Hawking Up Hairballs

Wednesday, January 09, 2008

Back

I haven't blogged in a while. I'd like to blame the holidays, but I can't. They had nothing to do with it. My novel did. About a week before Christmas, I finished the last, complete draft. Since then, I've been reworking the weak sections, and damned if there aren't a lot of them. Every time I've thought about blogging, I've decided that I'd work on the novel instead.

In reworking the novel, I'm amazed about how badly I can write at times. It makes me want to pull the hair from my head, though my hair is thankfully too short for that. One thing I can't seem to resist is commenting on what is happening in the novel. For example, I might write something like this, "X happened, and Y happened. That couldn't be good." Now, what the hell is the purpose of that final sentence? The preceding description should be sufficient to lead the reader to make the judgement that I want him to make. I find that I write best when I rely on simple declarative sentences that describe the action. If I want to comment on what is happening, it's best to do that in dialogue. I'm not saying that this is the only way to write. I'd love to be able to write like Pynchon in Gravity's Rainbow and make it work, but I can't. It's my temperament. I tend to be the sort of person who wants to cut the bullshit and get to the point. Unlike most people, whose first drafts are overwritten, mine tend to be overly sparse. I have to go back and flesh things out.

The other big problem I have is just plain lazy writing. The usually results from a failure to devote sufficient time to the work of the imagination. As a consequence, I don't understand the scene in sufficient detail and that invariably leads to flat prose.
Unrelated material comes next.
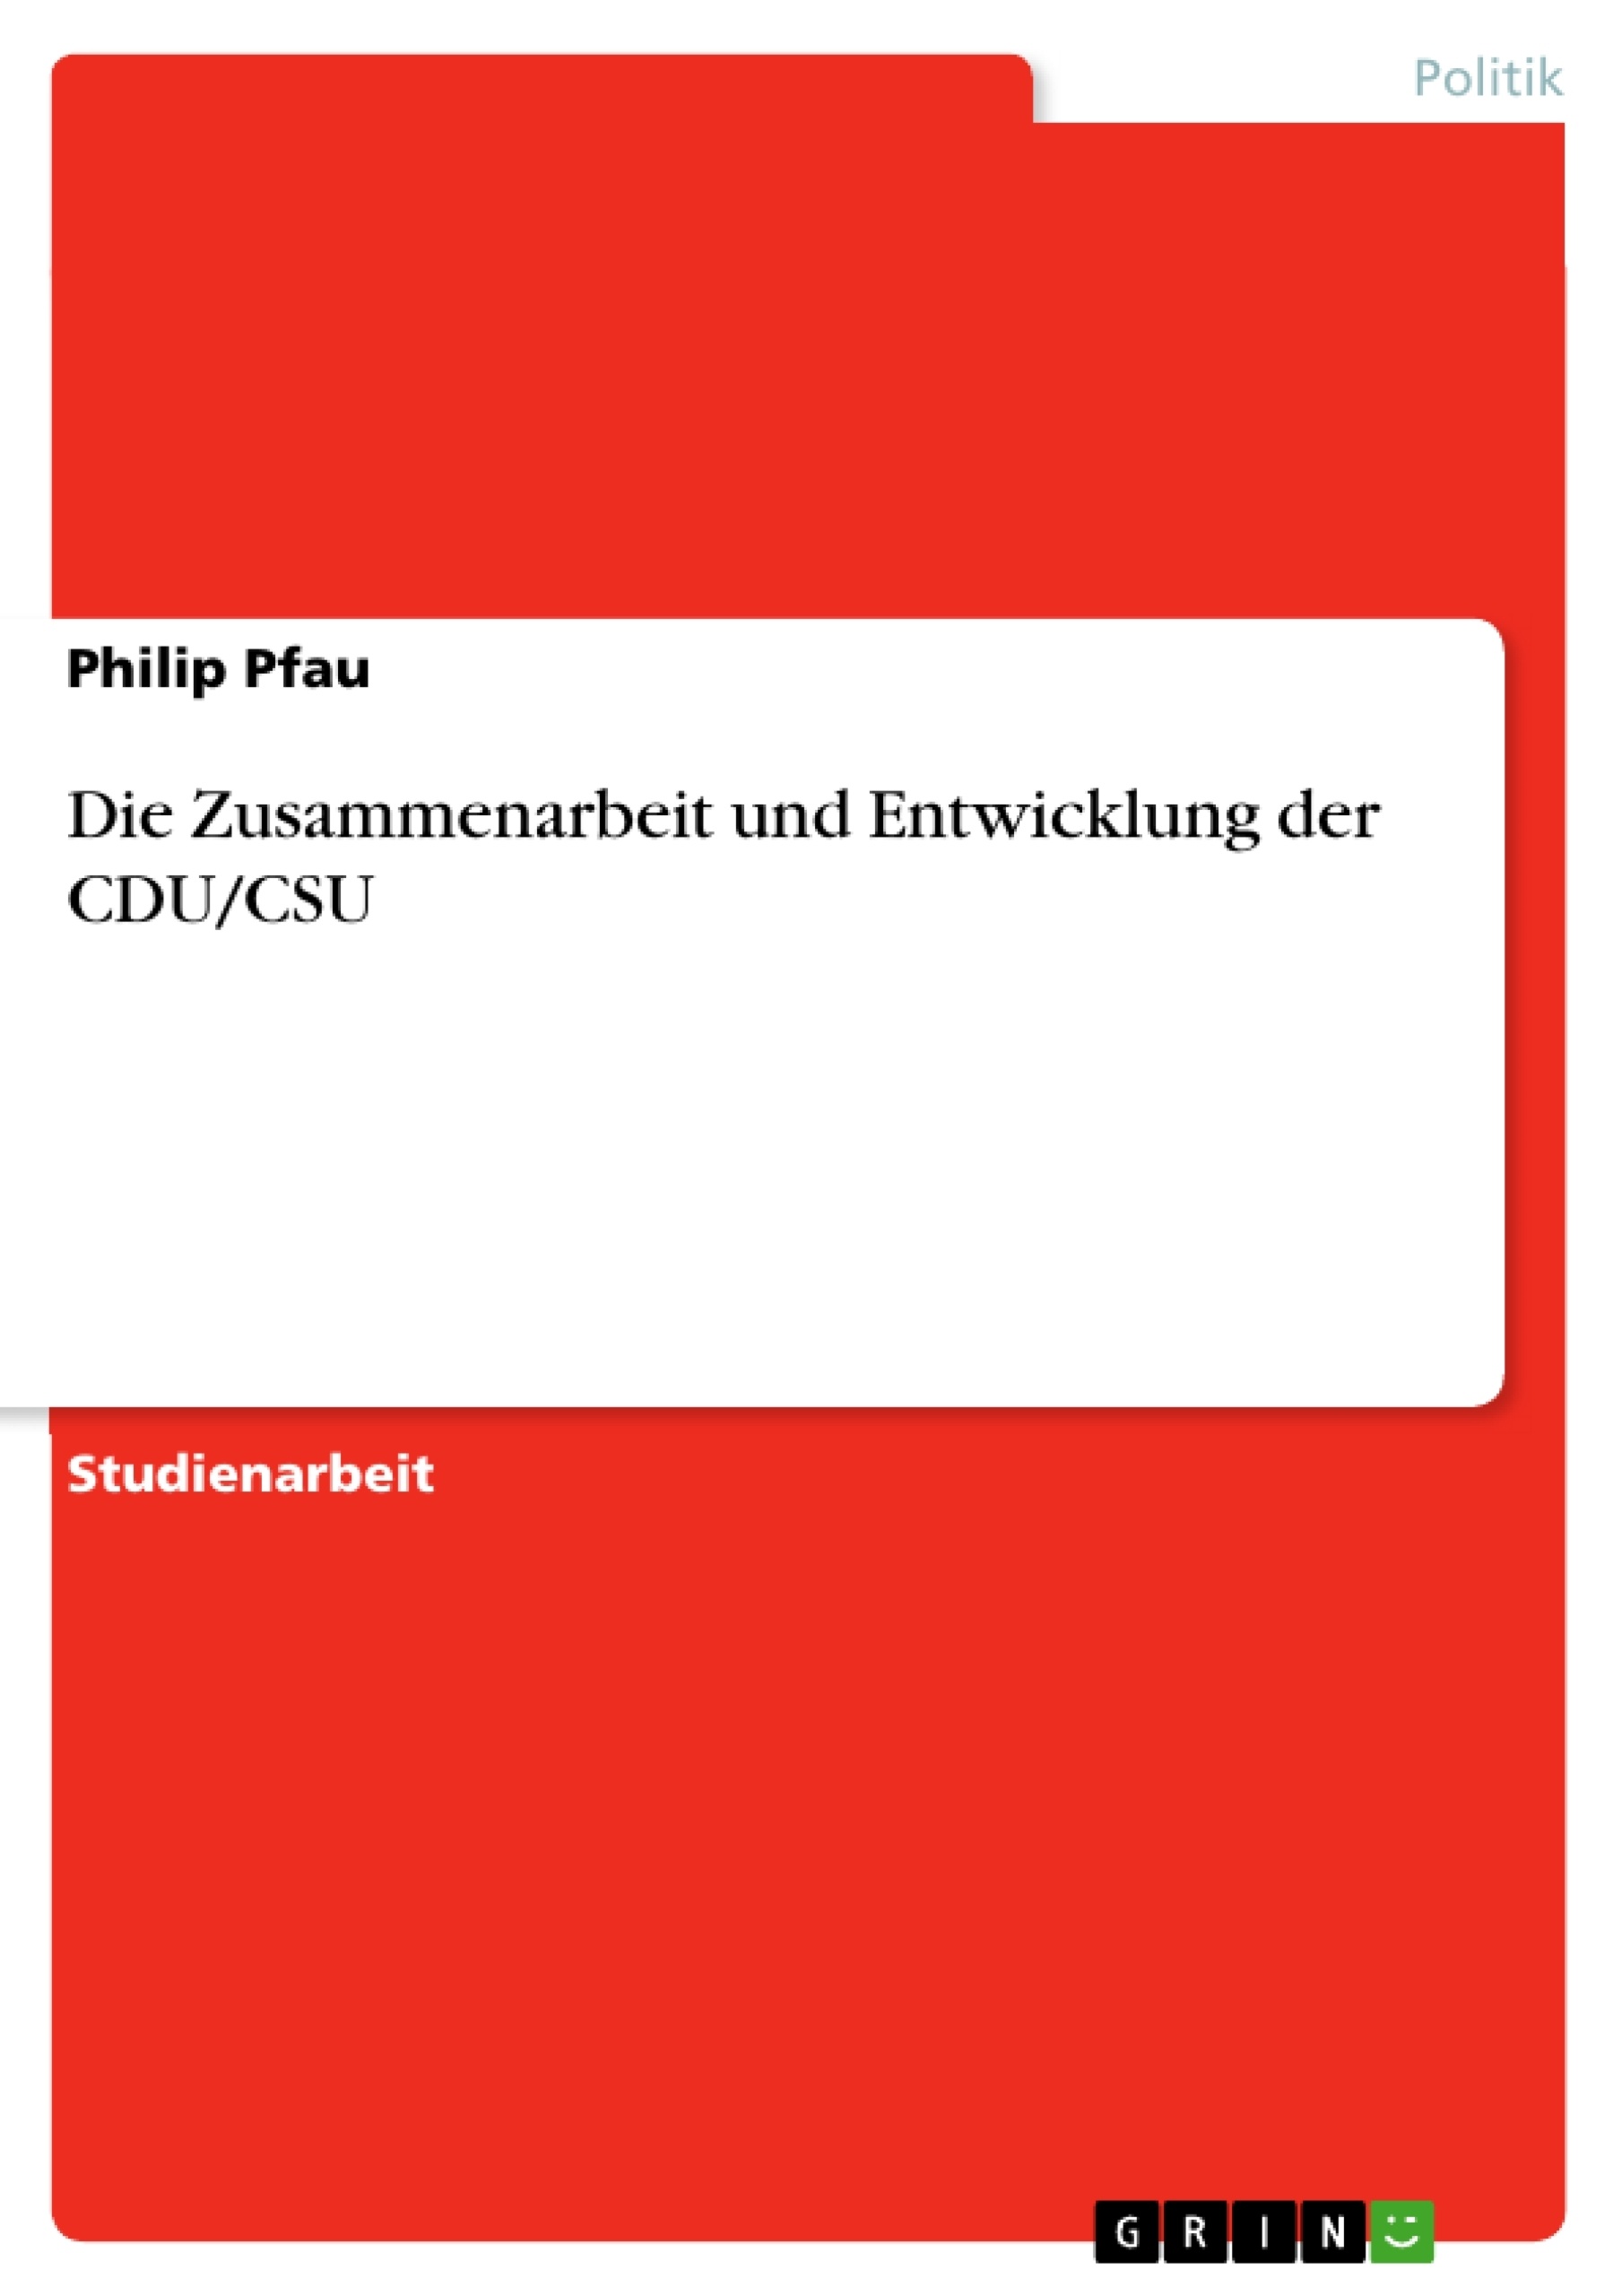 Title: Die Zusammenarbeit und Entwicklung der CDU/CSU

It can also lead to reliance upon hackneyed expressions and, when I say hackneyed, I'm not just referring to the blatant ones. Here are some phrases that I find cliched, though they might not obviously be so to lots of people. "He didn't know what had come over him." "His finances were shaky." "Her voice was filling with (name emotion)." "Run into a number of problems." "Tackle a difficult problem." You'd be surprised at how difficult it can be to come up with fresh prose. I figure that it takes me an hour or more to write 300 words of solid prose, so you can imagine how much time it's taking me to write a 90,000 word novel.

I've been think about following the lead of my friend David Matthews by posting sections of the novel in my blog, but I have yet to make up my mind about that. I may do it, but not until I'm certain that I have finished with it.